A plot of $f(v,\theta)$, showing both the mild dependence on $v$ and on $\theta$. The upper curve is for $\theta=\pi/2$; the lower curve is for $\theta=0$, with the behaviour for general $\theta$ interpolating between the two.

With that preamble, I thought I’d point to some of the latest interesting results in the subject. One important effect observed at RHIC is the suppression of J/Ψ production. The intuitive picture is that, when $c\overline{c}$ pair is produced in the collision, instead of forming a $c\overline{c}$ bound state, the potential between them is screened and, instead, they tend to form charmed mesons. The static heavy-quark potential is well-understood from lattice studies. And so are the corrections due to finite-temperature effects.

Unfortunately, the lattice calculations don’t tell the whole story, as they apply to static quarks, whereas the $c\overline{c}$ pairs at RHIC are produced with significant velocity, relative to the plasma. Experimentally, this appears to be important. So it’s interesting to study the velocity dependence of the screening length theoretically.

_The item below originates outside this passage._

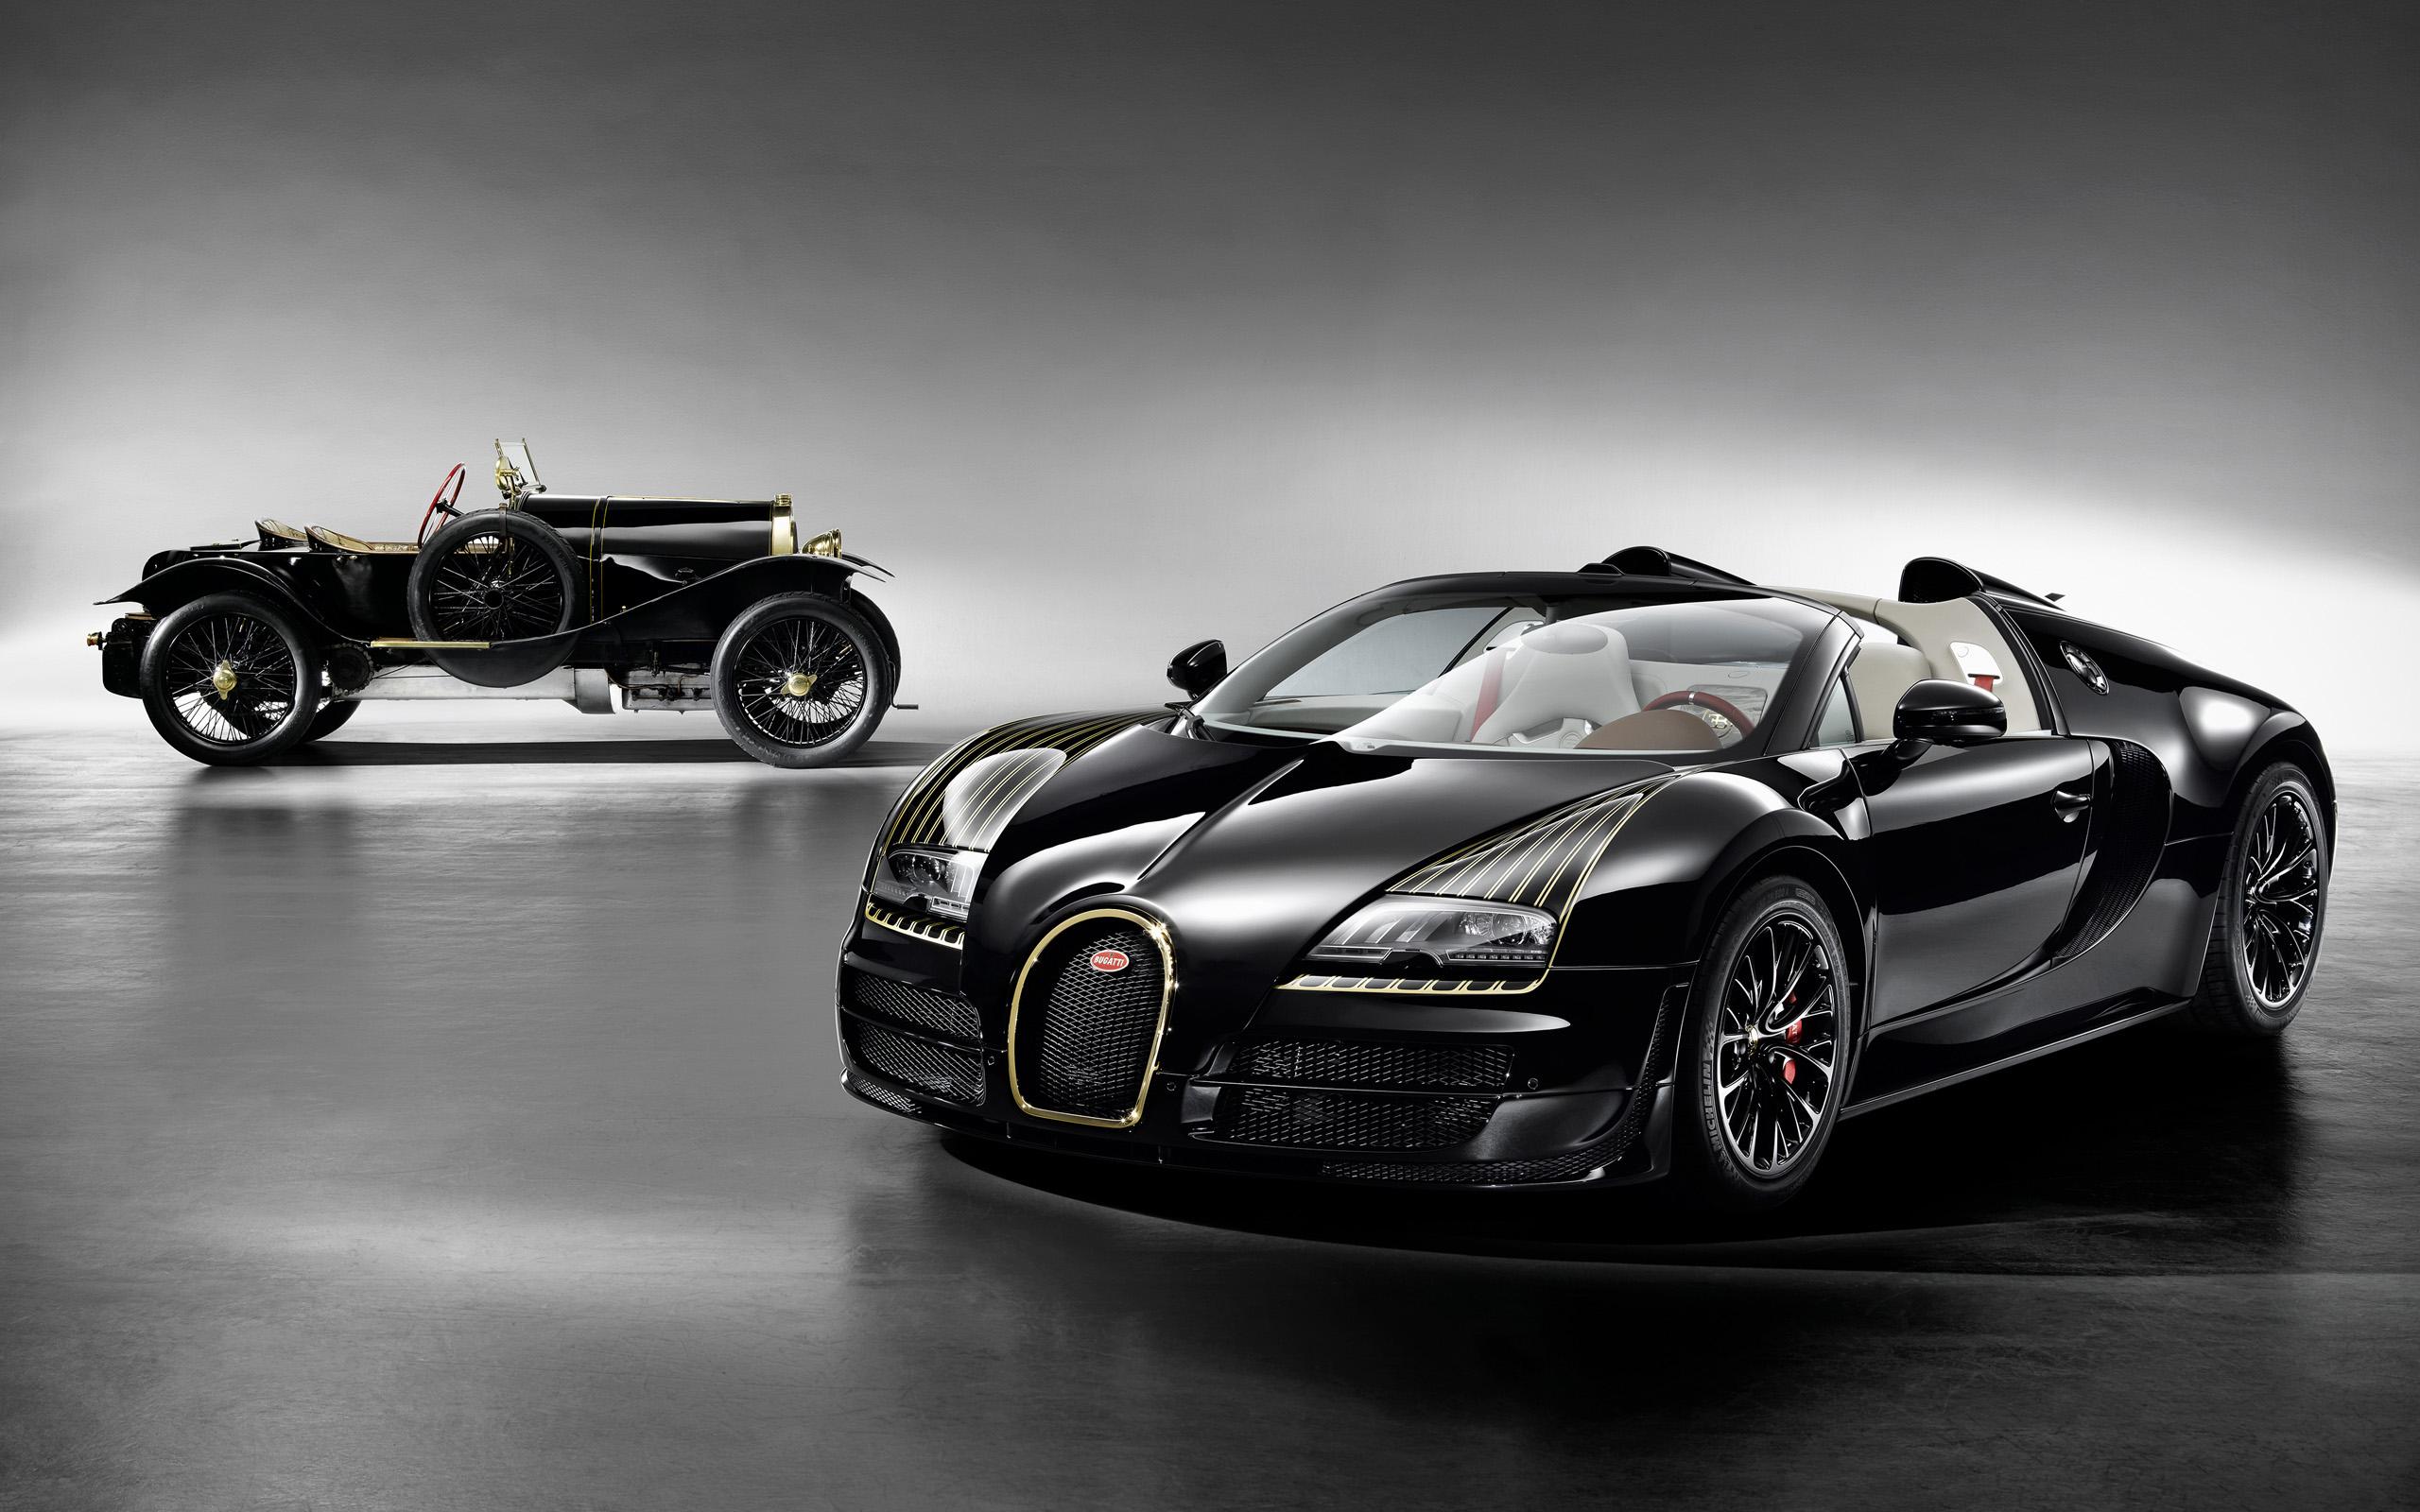 2014 bugatti veyron grand sport vitesse legend black bess 5 wallpaper hd car wallpapers. Black Bedroom Furniture Sets. Home Design Ideas

Which is where AdS/CFT comes in.

Liu, Rajagopol and Wiedemann studied the problem in the $\mathcal{N}=4$ theory, where they obtained $$L_s(v,T) = \frac{f(v,\theta)}{\pi T} (1-v^2)^{1/4}$$ where $f(v,\theta)$ is a function that depends very mildly on the velocity of the $q\overline{q}$ dipole relative to the plasma and on its orientation, $\theta$, relative to its velocity.

$L_s(0,T)$ is off by about a factor of 2 from the lattice QCD results ($L_s\sim 0.5/T$ for 2 flavours of light quarks, and $L_s\sim 0.7/T$ without dynamical quarks). But that’s not an unexpected discrepancy, given the arguments above. What’s important (and, one hopes, more robust) is the velocity dependence $$L_s(v,T) \sim L_s(0,T) (1-v^2)^\xi$$ where, for the $\mathcal{N}=4$ theory, one has $\xi=1/4$.

Càceres, Natsuume and Okamura studied a series of other backgrounds, and argue that $\xi=1/4$ for conformal theories but that, systematically, $\xi\lt 1/4$ for non-conformal theories, like the Klebanov-Tseytlin cascade. Based on their examples, they conjecture a formula $$\xi = \tfrac{1}{4}- \tfrac{3}{16}\left(1-3c_s^2\right)$$ relating the exponent to the sound speed in the plasma. If such a relation holds, one would obtain $\xi\sim 0.22$ for the quark gluon plasma at RHIC.